Хрисанф невольно похлопал ее по руке, словно уверяя, что на ее стороне, и Ясмин немного расслабилась. Напряжение ещё не ушло, но потеряло накал. Ослабло, как нить в канве разговора.
— Он же садист, — уже не паясничая, сказала Ясмин. — Я должна была это остановить. Лучше один раз проиграть, чем всю жизнь бояться.
— Ты могла бы попросить Абаля о помощи, — помолчав сказал Хрисанф. Весь он, надежно укрытый вечером и тенью яблонь, словно отвернулся от неё в сторону заходящего солнца. — Он не отказал бы. Уж не знаю, чем ты его зацепила спустя пять лет бурного знакомства, а только он бы не отказал.
Ясмин встала, и незаженный фонарь опрокинулся с ее колен. Она медленно его подняла.
— Я не стану этого делать. Мужская помощь — штука ненадёжная, Хрис, — она улыбнулась, сглаживая обидные слова. Пояснила: — Или даже не мужская, а просто помощь. Доброта приручает, откармливает, делает тебя сначала любимой, а потом слабой, а когда сбрасывают тебя с колен, как кошку, ты не знаешь, как жить самой.
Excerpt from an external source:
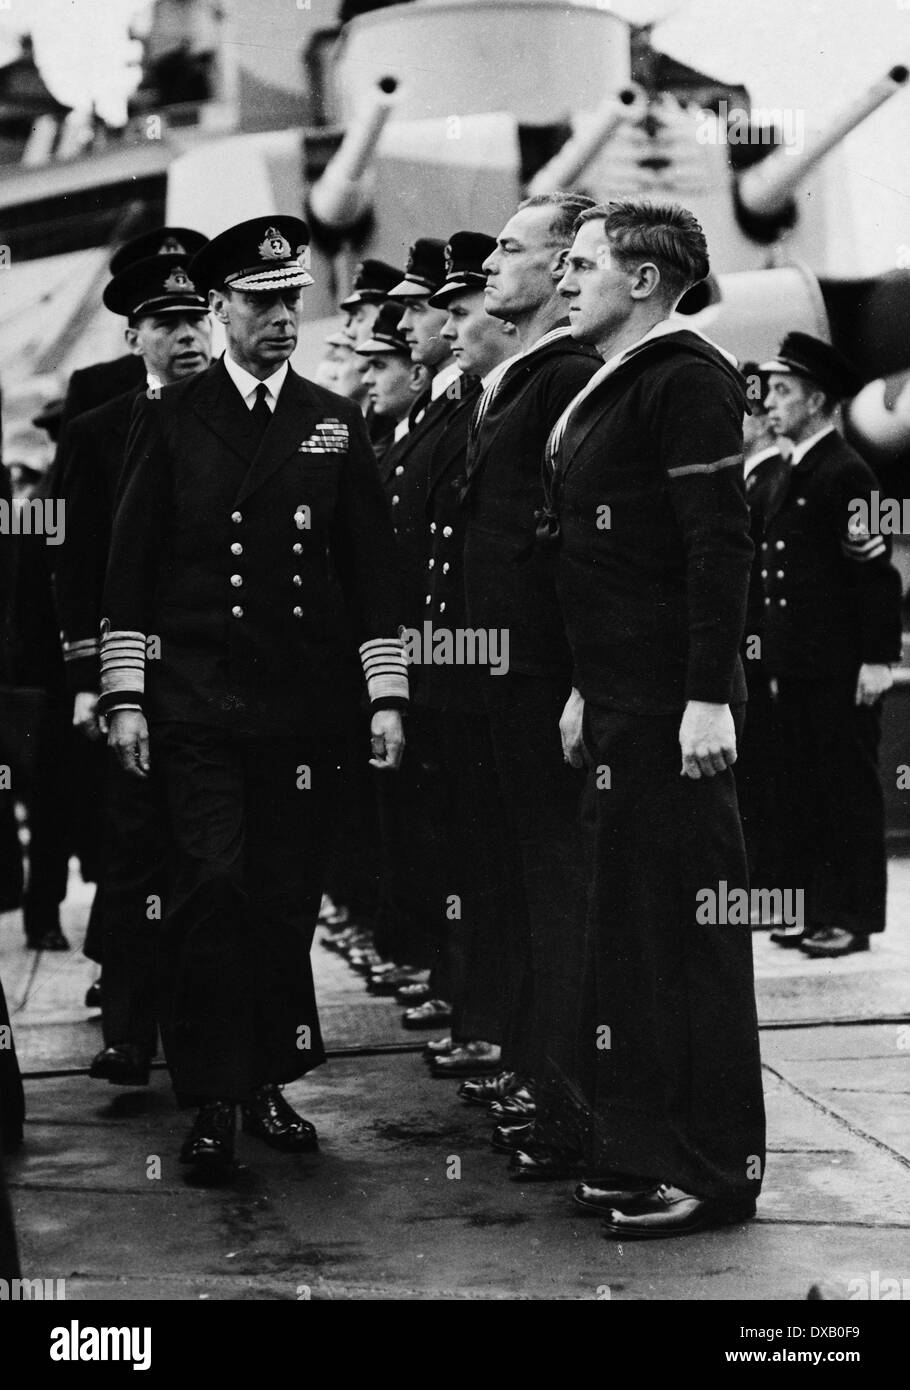 Royal Navy George VI ispeziona i marinai a bordo di una nave da battaglia della marina durante il WW2 Foto Stock
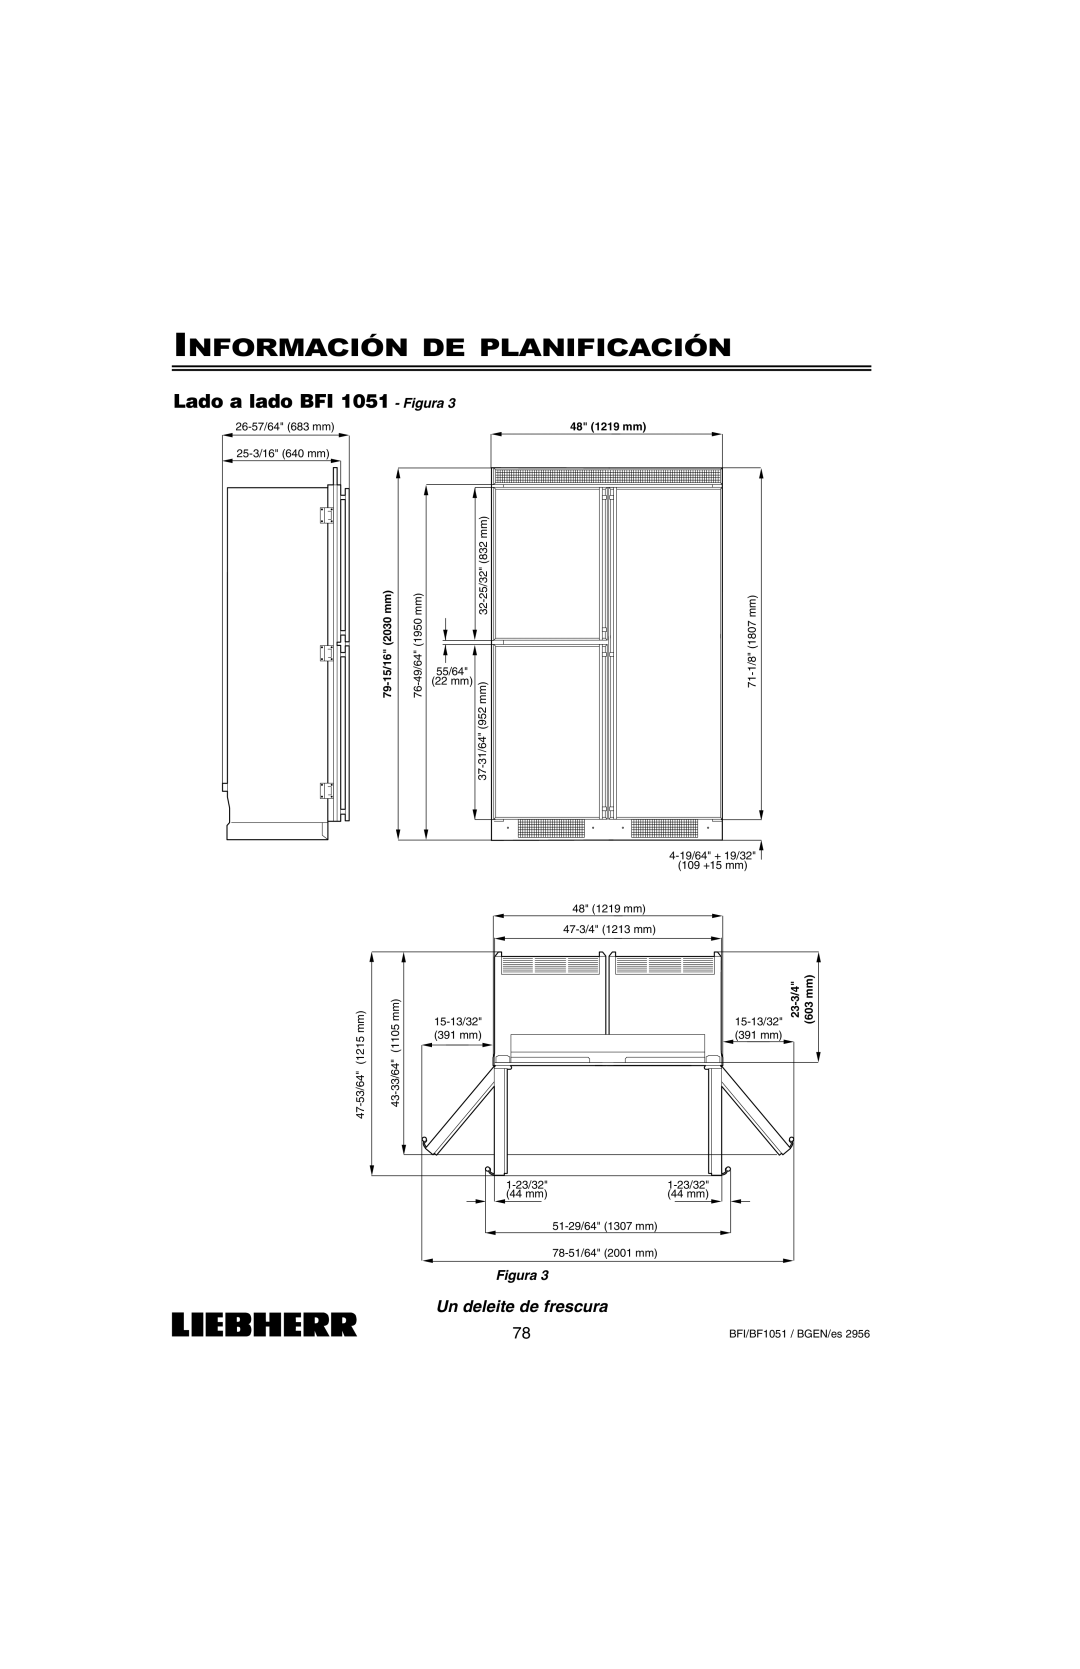 Liebherr BFI1051, BF1051 Lado a lado BFI 1051 - Figura, Información De Planificación, Un deleite de frescura

Тебе кажется, что тебя сбросили не с колен, а с обрыва.
Она же не может объяснить ему, что однажды так поступил ее отец. Он оставил квартиру, машину, счёт, картины и книги, и, кажется, забрал только паспорт, а они все равно не знали, как дожить до завтра.
* * *
Абаль вжался в стену садовой беседки. С его способностями он вполне мог сойти за вечерний туман или жгут ползучего осота.
Ушла Ясмин, ушёл Хрисанф, а он все ещё стоял вплотную к беседке. Окна покоев затопило неоновым светом, от которых сетчатку пронзила мимолетная резь, после сразу стемнело. Она выключила свет?
Выключила. А после зажгла светильник у кровати и вытолкала сиделку из комнаты. Он и отсюда видел, что ее тощая фигурка полна непримиримости. Он ещё помнил ее бесстрастное насмешливое лицо.
Руки-веточки, худые бёдра, почти плоская грудь. Юная женщина в теле подростка. В том самом теле, что ещё год назад вызывало спазмы ненависти, а теперь стало самым желанным на свете. Хотелось взять ее на руки, как испуганную белку и спрятать от всего мира. Шепнуть, что никогда не обидит. Что будет рядом всегда. Будет на ее стороне. Но он не был на ее стороне всегда, да и она не собиралась прятаться от мира. В его руках точно не собиралась.